COLLECTED MATERIAL:
————

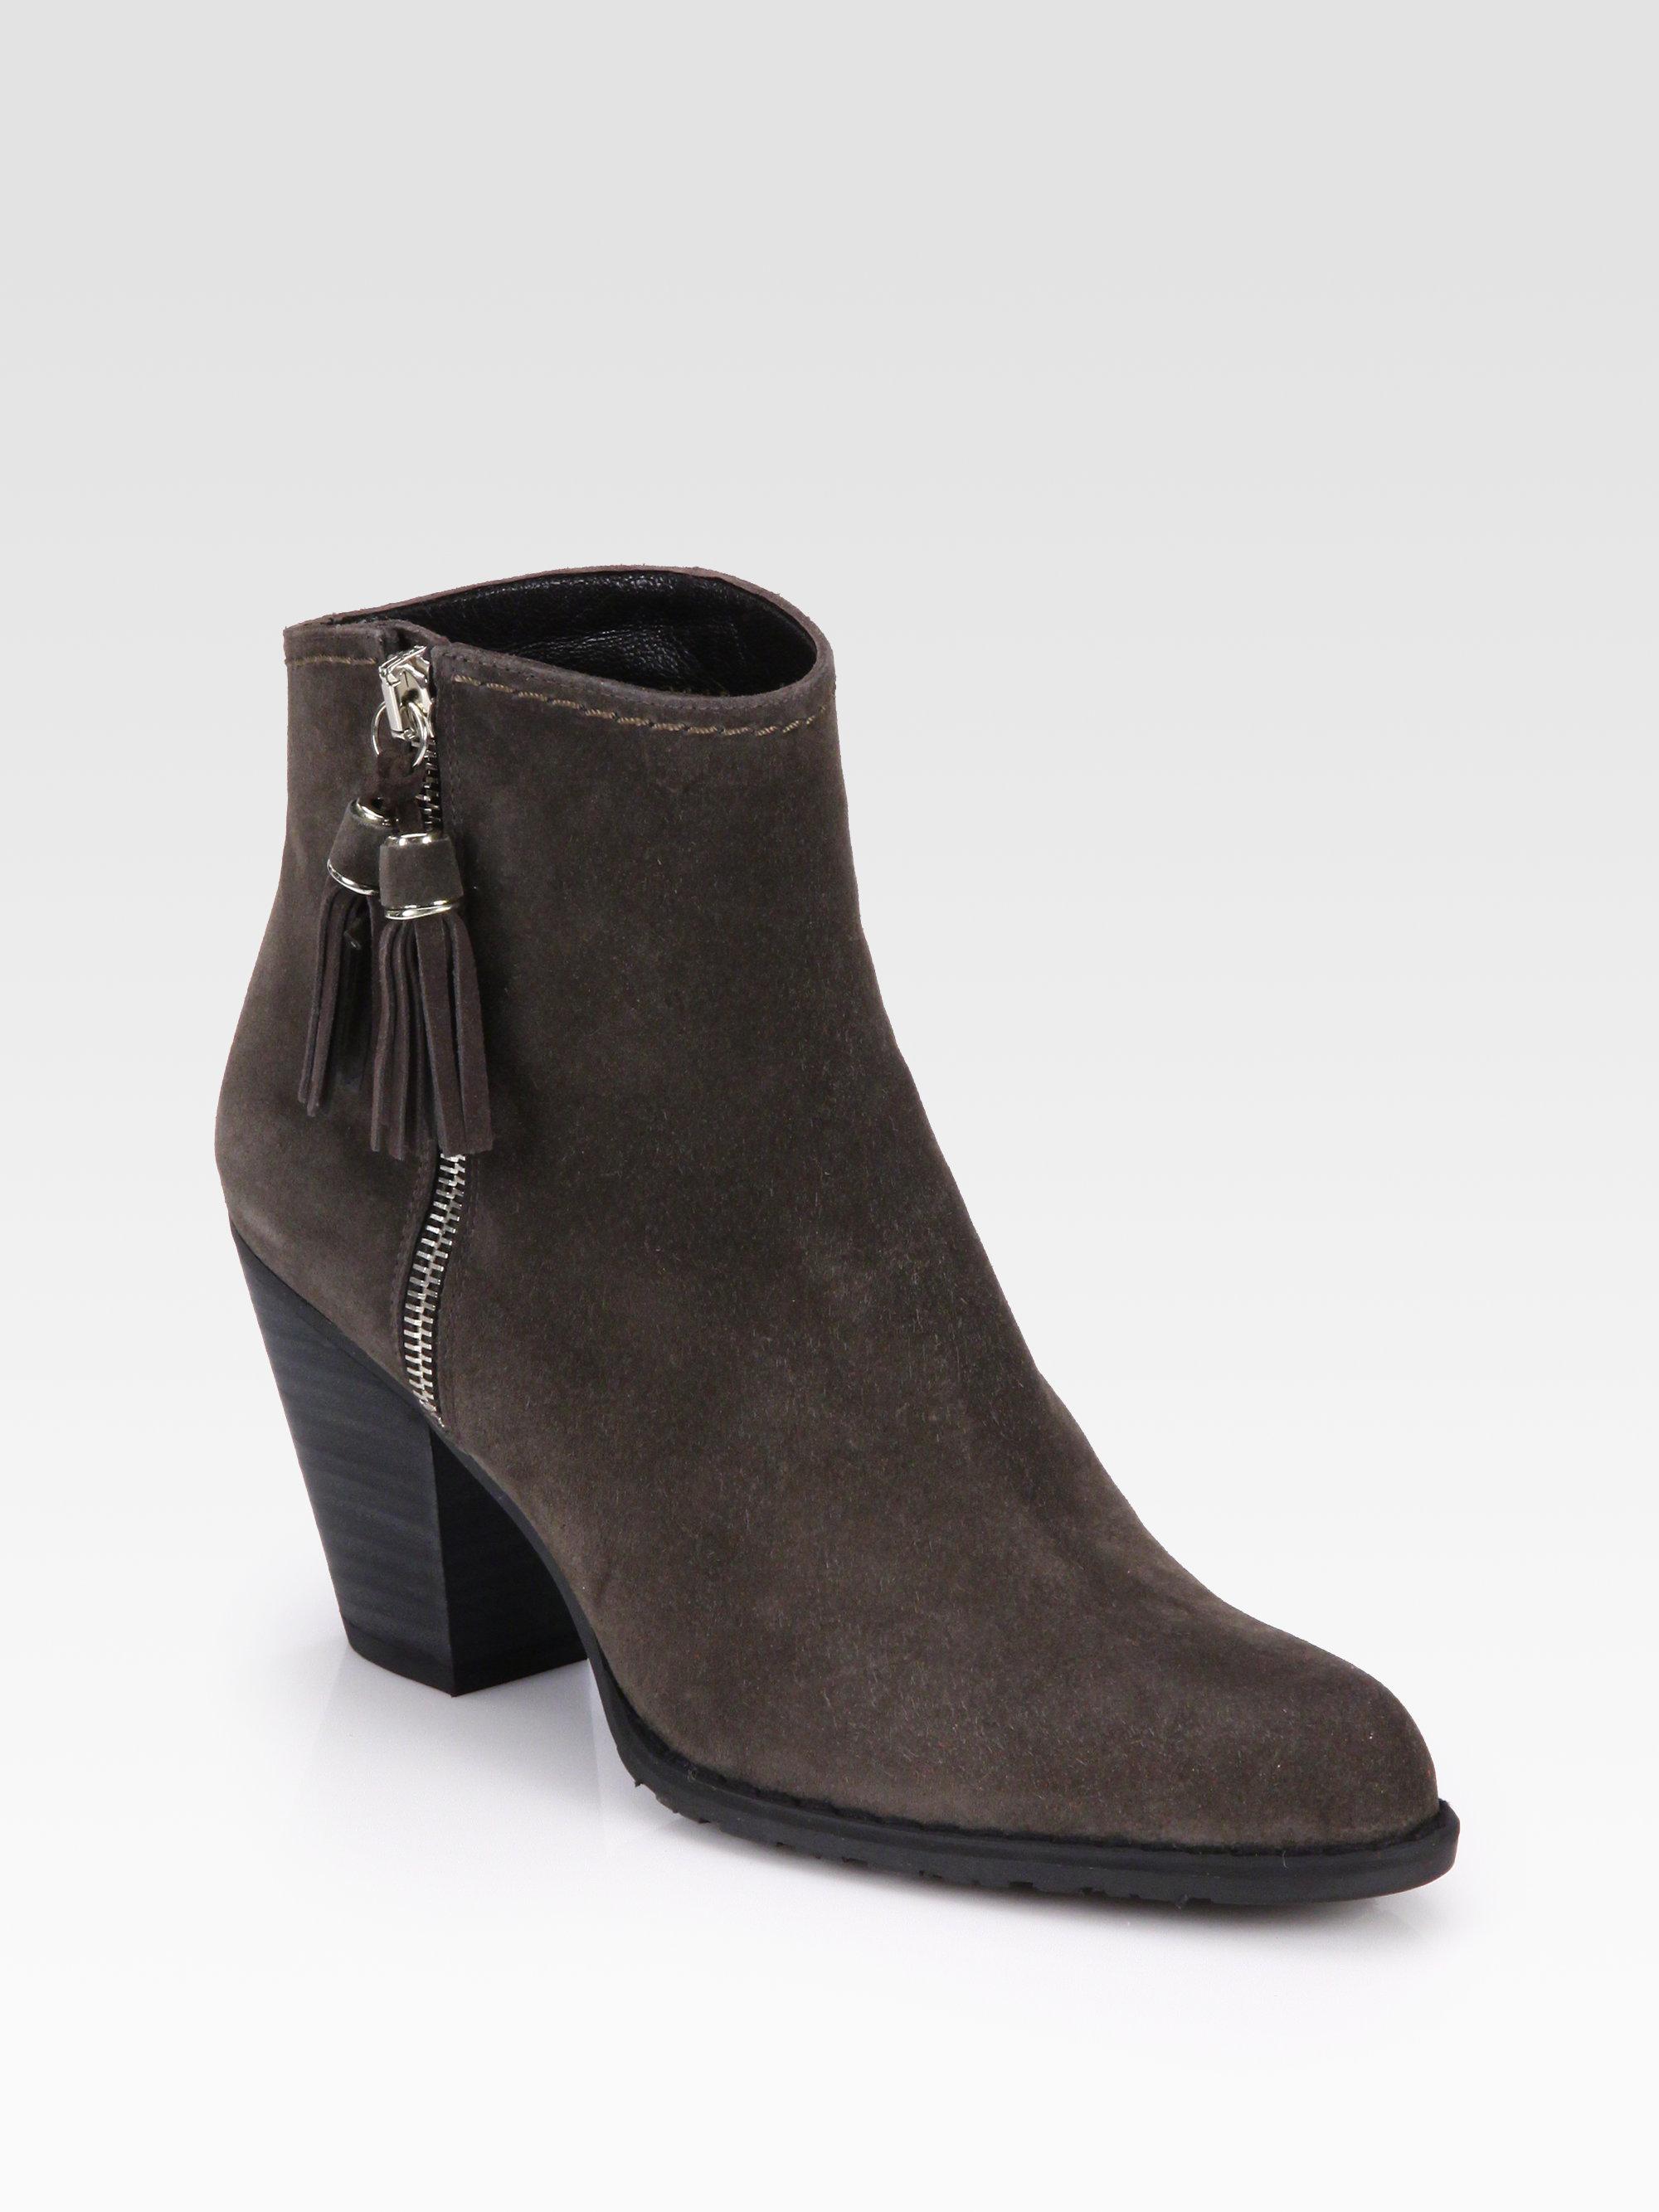 stuart weitzman suede tassel ankle boot in brown lyst
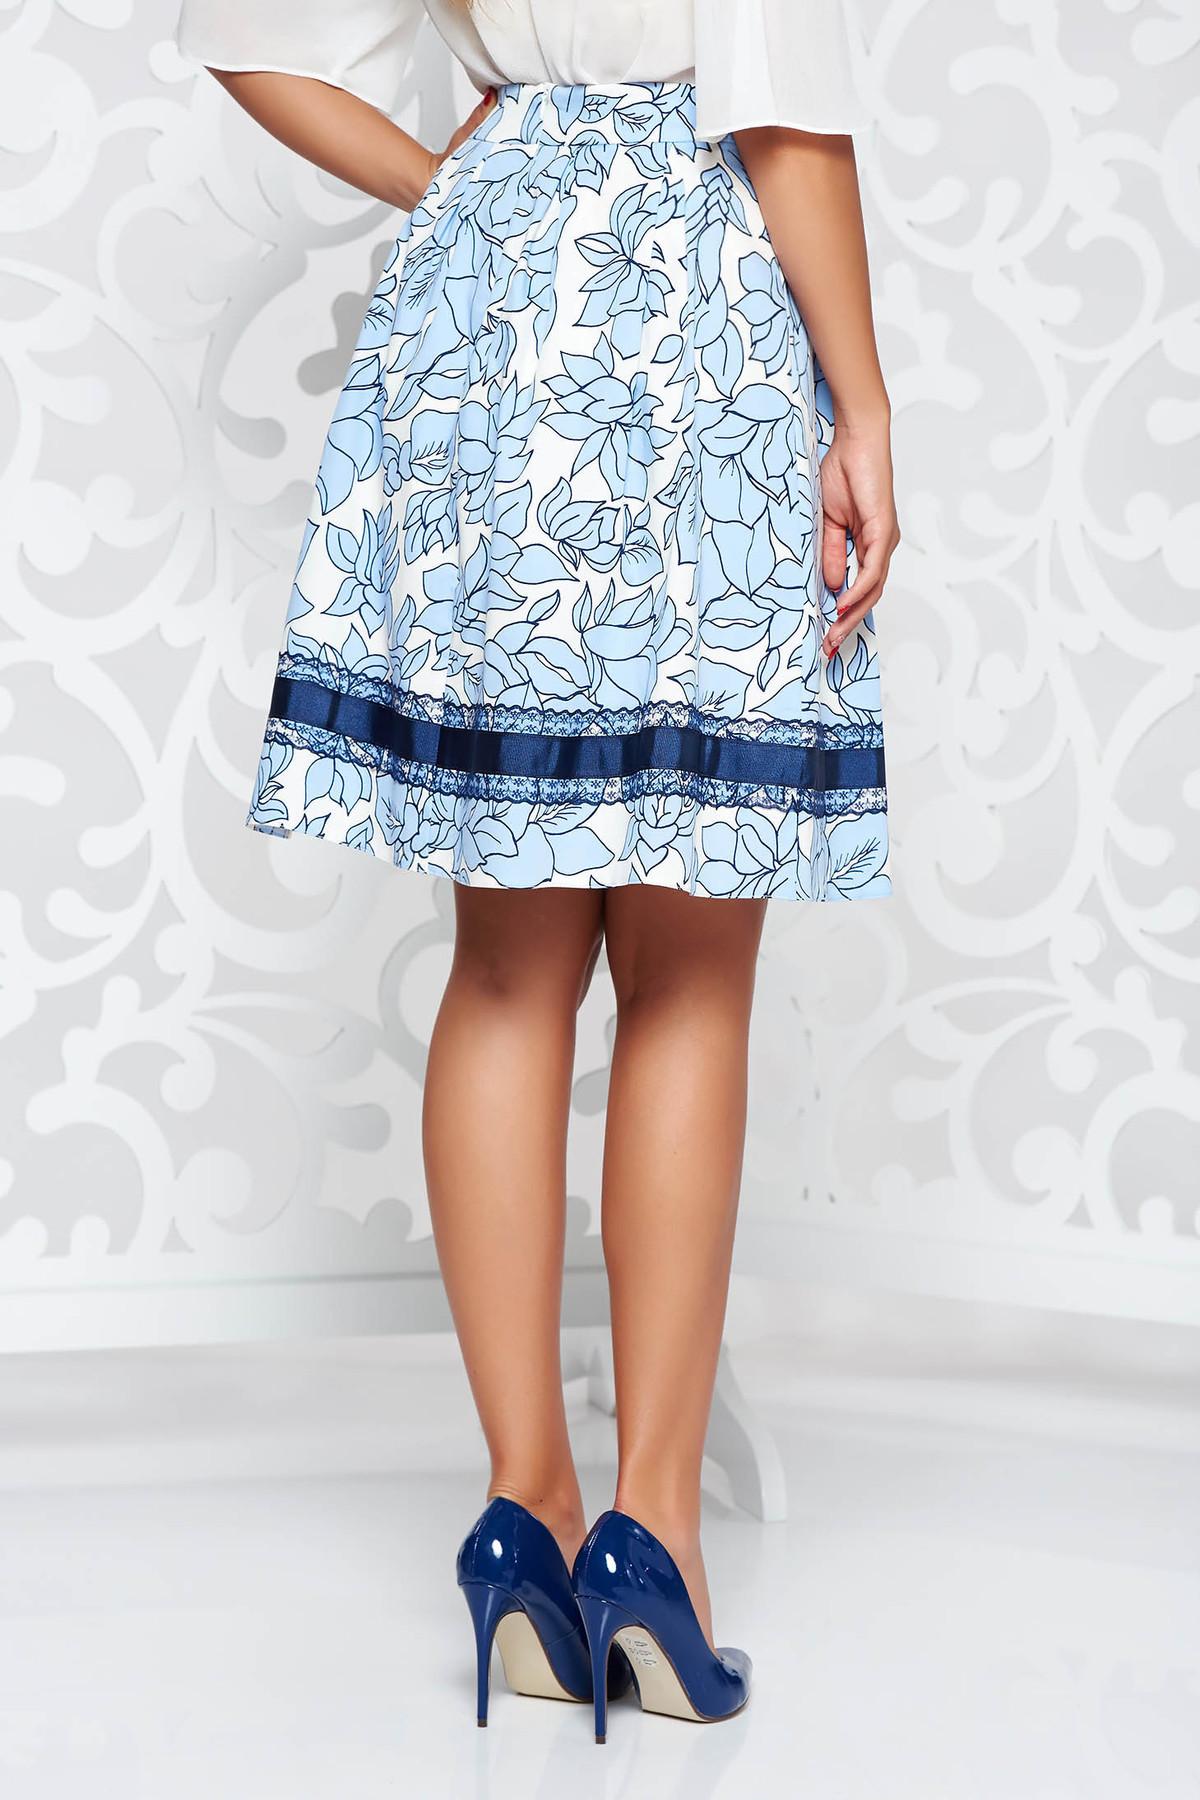 Fusta LaDonna albastra eleganta in clos din bumbac captusita pe interior cu aplicatii cusute manual
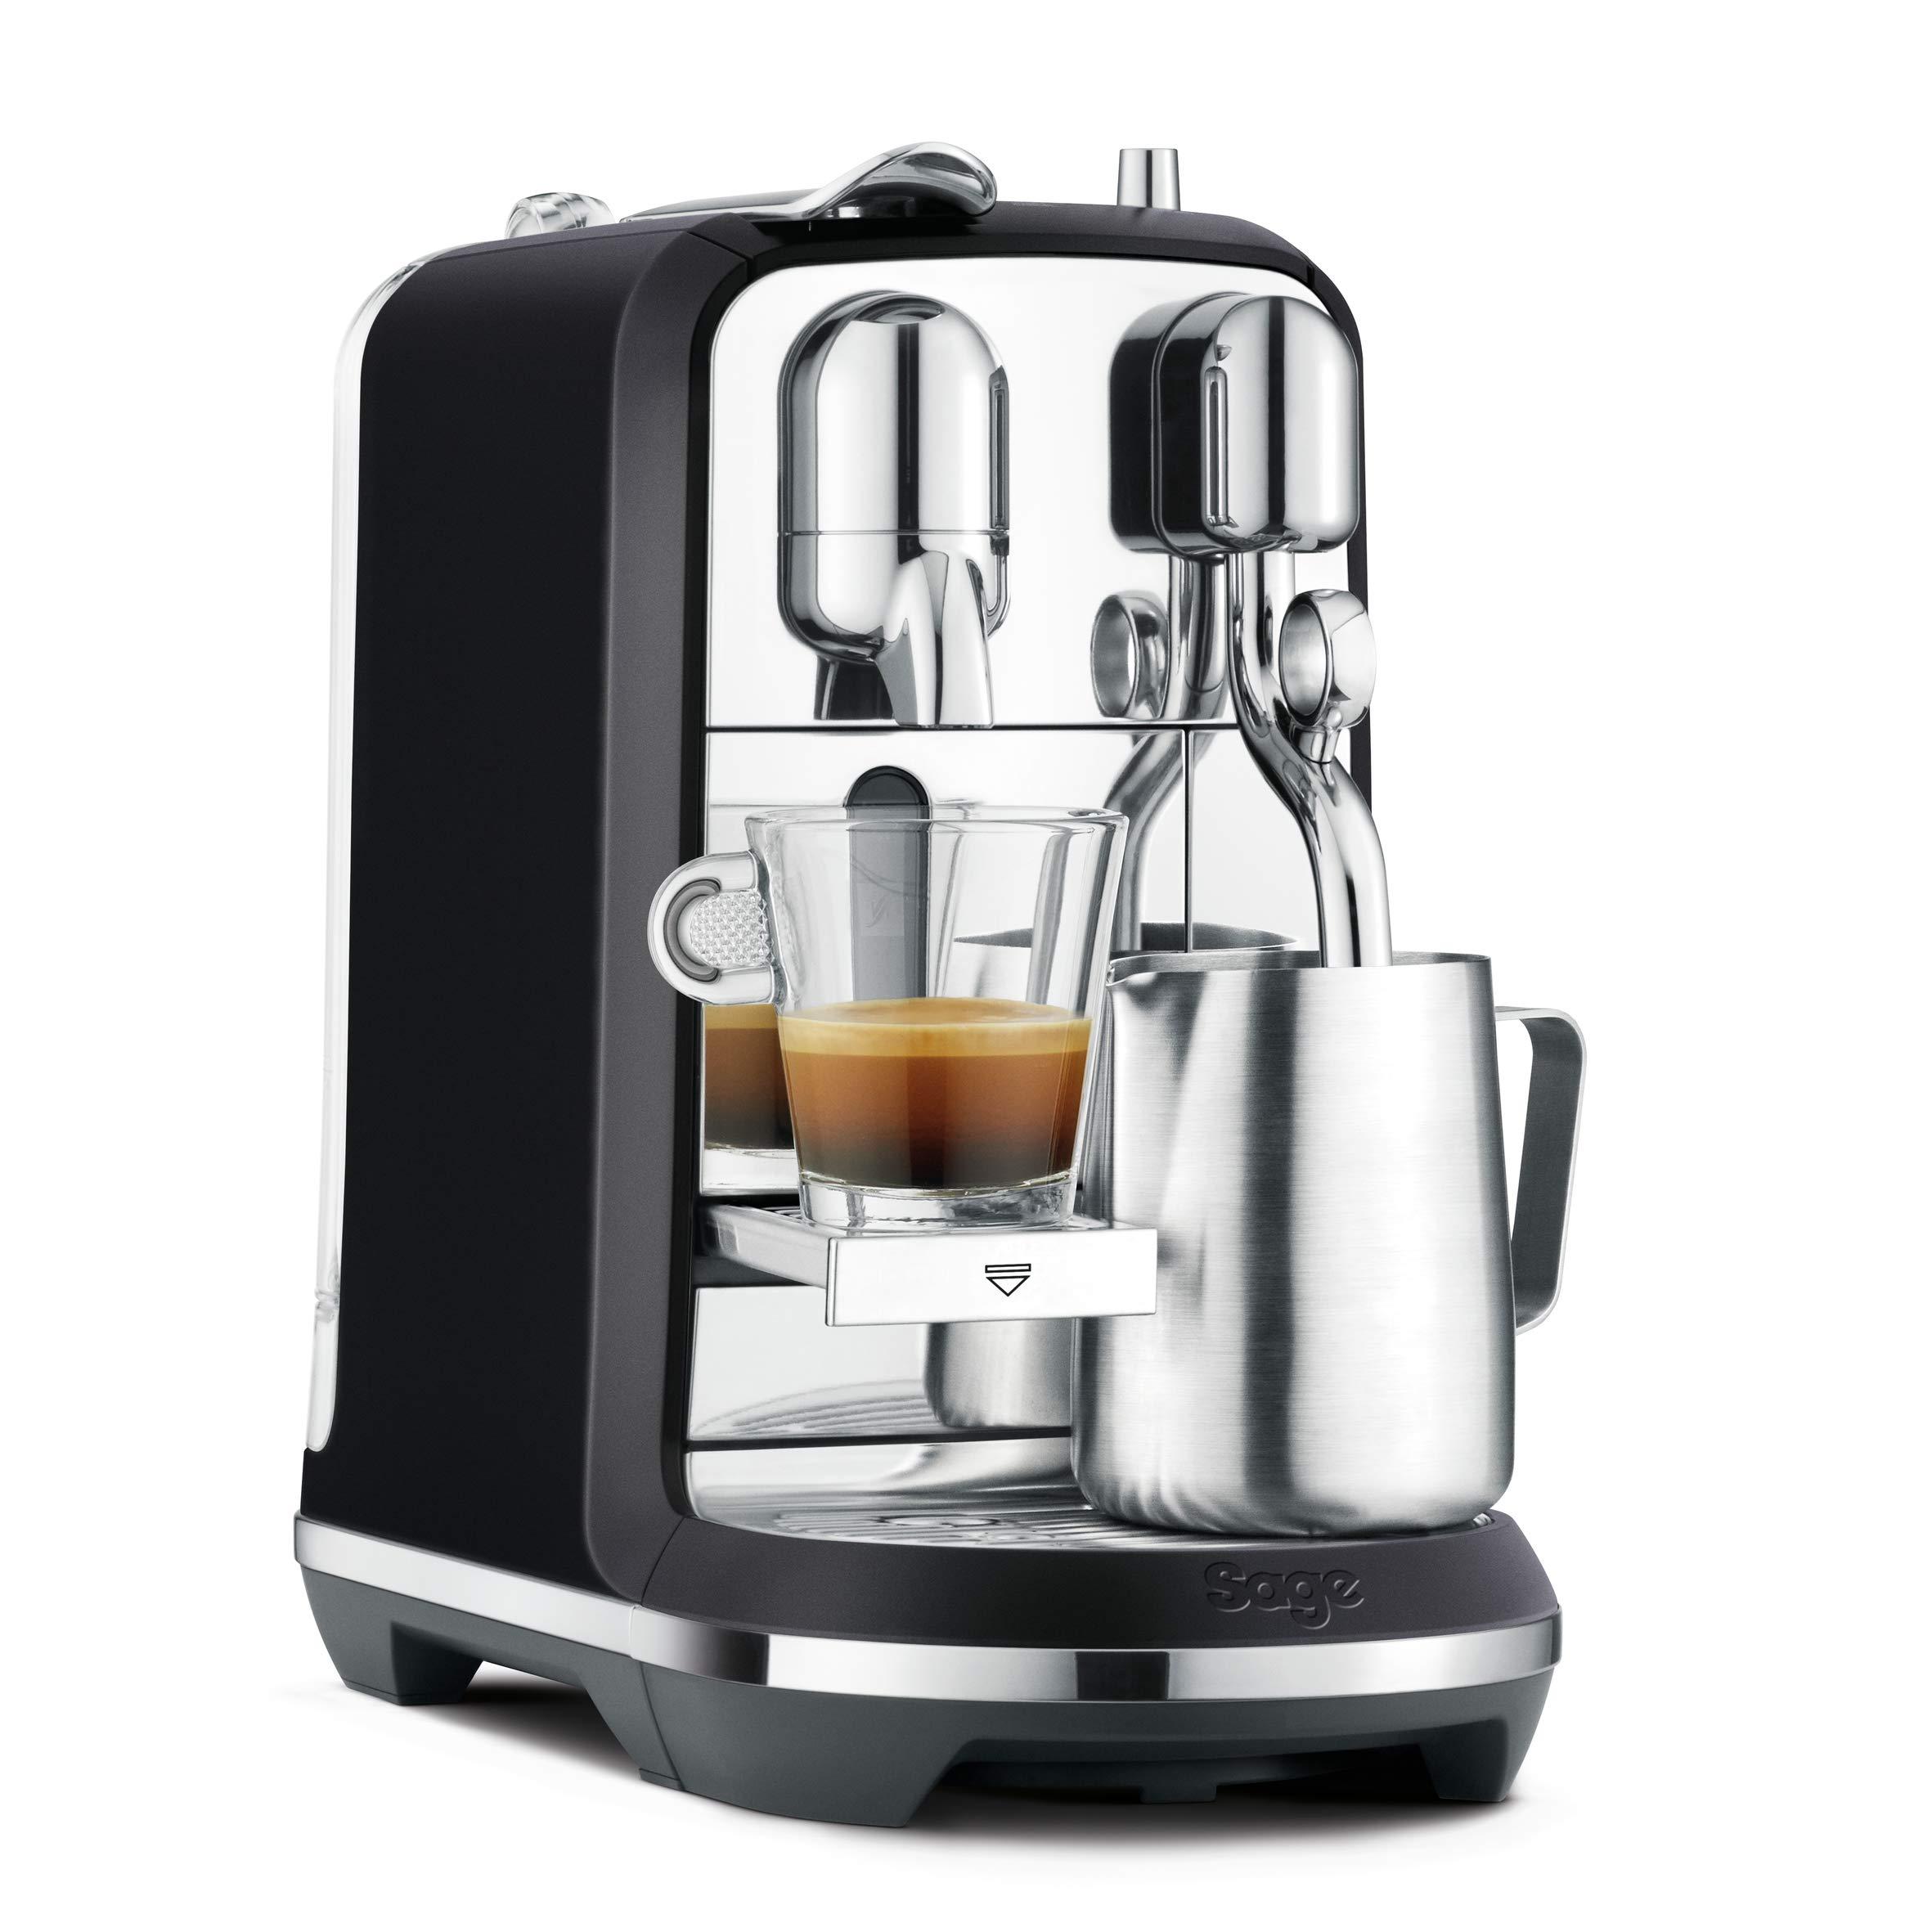 Sage Appliances sne800btr The Creatable ISTA Plus Cafetera ...

————

DIRECTIONS:
Copy the listing over exactly, skipping the pictures it holds.

RESPONSE AREA:
 stuart weitzman suede tassel ankle boot in brown lyst
 Fusta LaDonna albastra eleganta in clos din bumbac captusita pe interior cu aplicatii cusute manual
 Sage Appliances sne800btr The Creatable ISTA Plus Cafetera ...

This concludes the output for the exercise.